A Starbucks coffee cup with "Stop calling cops!" written on the side sits on a table as police monitor protesters inside a Starbucks in Philadelphia on Monday.
Mark Makela / Reuters

Dear white people: Equality is not optional. It is not a preference nor a benefit. It is also not a transaction you can use to absolve yourselves of racial bias by recording incidents and becoming white saviors. Fixing racism in America isn’t about recording and then pressing send.

Four friends were out for lunch in Southern California and were stunned when their server at Saint Marc in Huntington Beach asked for “proof of residency.” One of the friends, Diana Carrillo, a Latina business analyst, complained to the manager, then wrote about the encounter on Facebook. The waiter acted as if he had the authority to demand citizenship documentation in his zeal to protect his white space from women of color.

In 2017, the number of Americans who considered racism a major problem increased by 8 percentage points over the previous two years. Fifty-eight percent viewed racism as a big problem, according to the Pew Research Center study. Twenty-nine percent of the respondents said it was “somewhat of a problem,” and 12 percent thought racism was a small problem or not a problem at all. Two years earlier, only 50 percent of the population said it was a big problem, and in 2011 that number was as low as 28 percent.

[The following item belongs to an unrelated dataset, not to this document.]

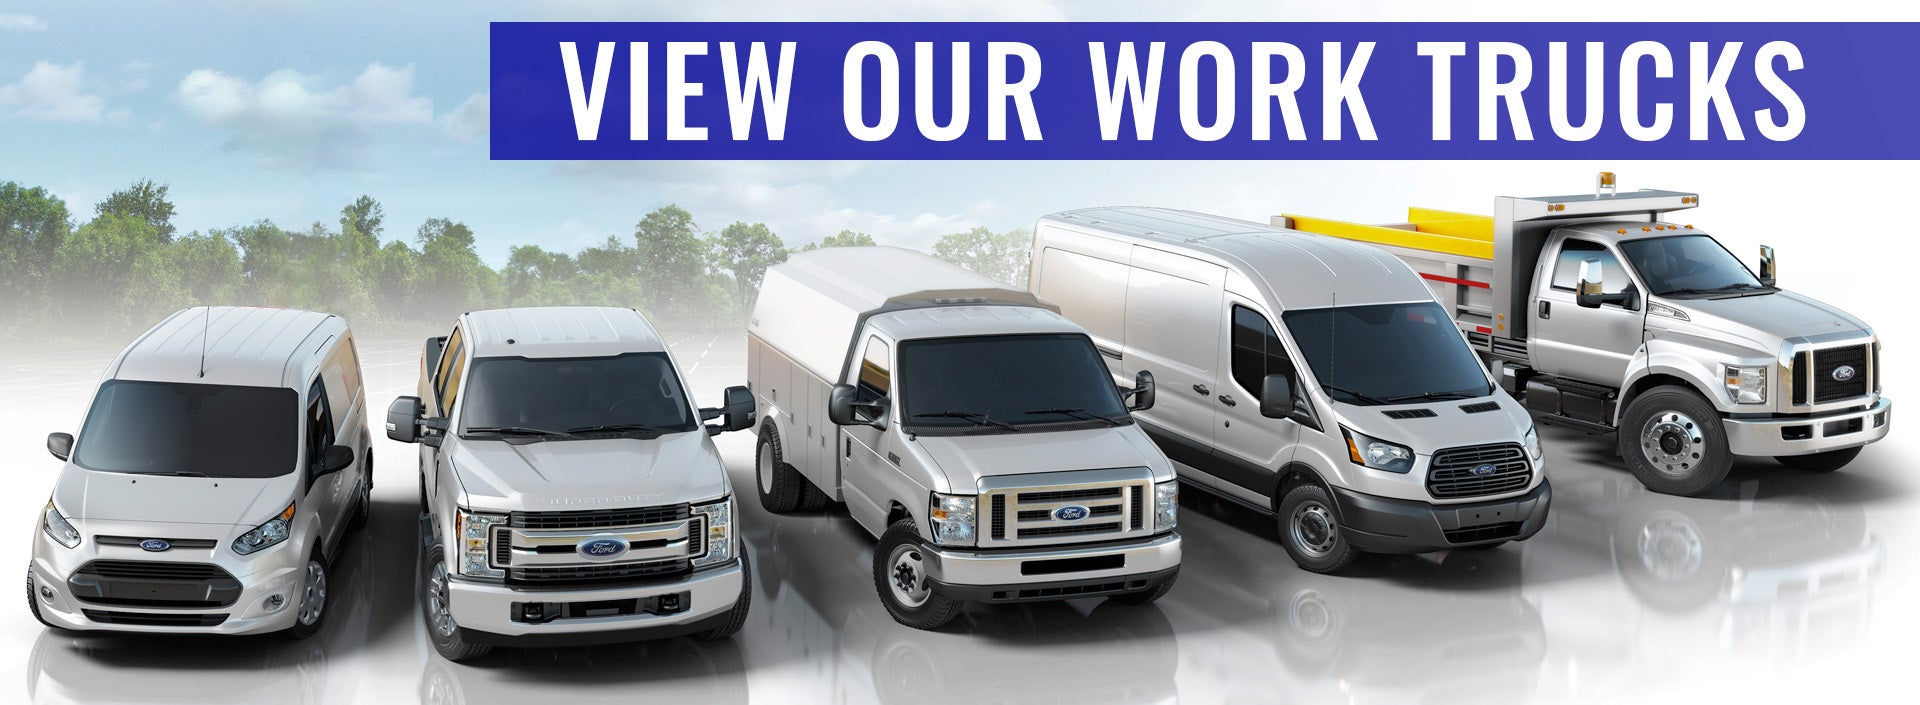 View Our Work Trucks banner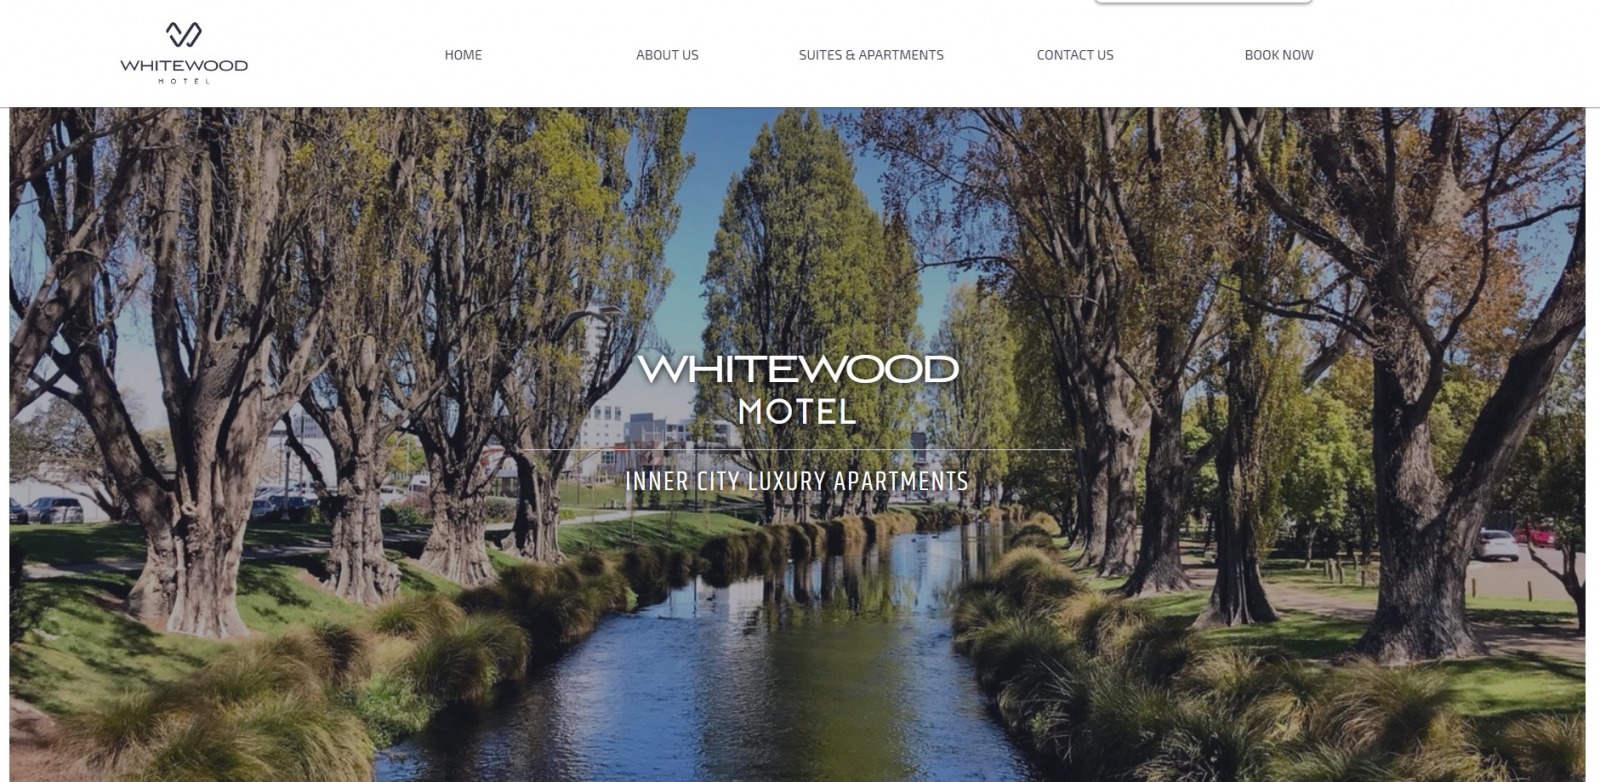 whitewood - About

That year, Barack Obama was still the president and bestowed upon the country a false sense of racial calm. The country had to be equal because the president was black. But because the president was black, he affirmed the DuBois “Talented Tenth” exception. Once Obama left office, heightened racial anxiety resurfaced, in a big way.

“An eight-hour training session for Starbucks employees cannot reroute a 400-year system of preferences, advantages and racial biases”

Social media has the tendency to take the worst of humanity and entertain us with the horror, like watching a car accident with mouths agape. Pretty quickly, everyone gets over it and it is business as usual. Starbucks continues to serve customers. IHOP continues to flip pancakes.

The CEO of Starbucks, Kevin Johnson, met with the two men the police handcuffed and said, “I will fix this.” Starbucks is closing thousands of stores to train employees on issues regarding racial discrimination. It is estimated to cost the company near $6 million.

Johnson is serious and overconfident at the same time. Starbucks may be successful in advising employees that you don’t call the police because a black person is waiting inside the store for a colleague. But an eight-hour training session cannot reroute a 400-year system of preferences, advantages and racial biases just because Johnson has good intentions.

Racism begins in the heart and in the mind. Its antidote begins with a belief: All people are equal. But even then, even with good people, an imbalance exists because so much of racism is ingrained and accepted, and goes unnoticed. That is what keeps in place a system of privilege where white women call the police and black men are handcuffed for doing nothing wrong.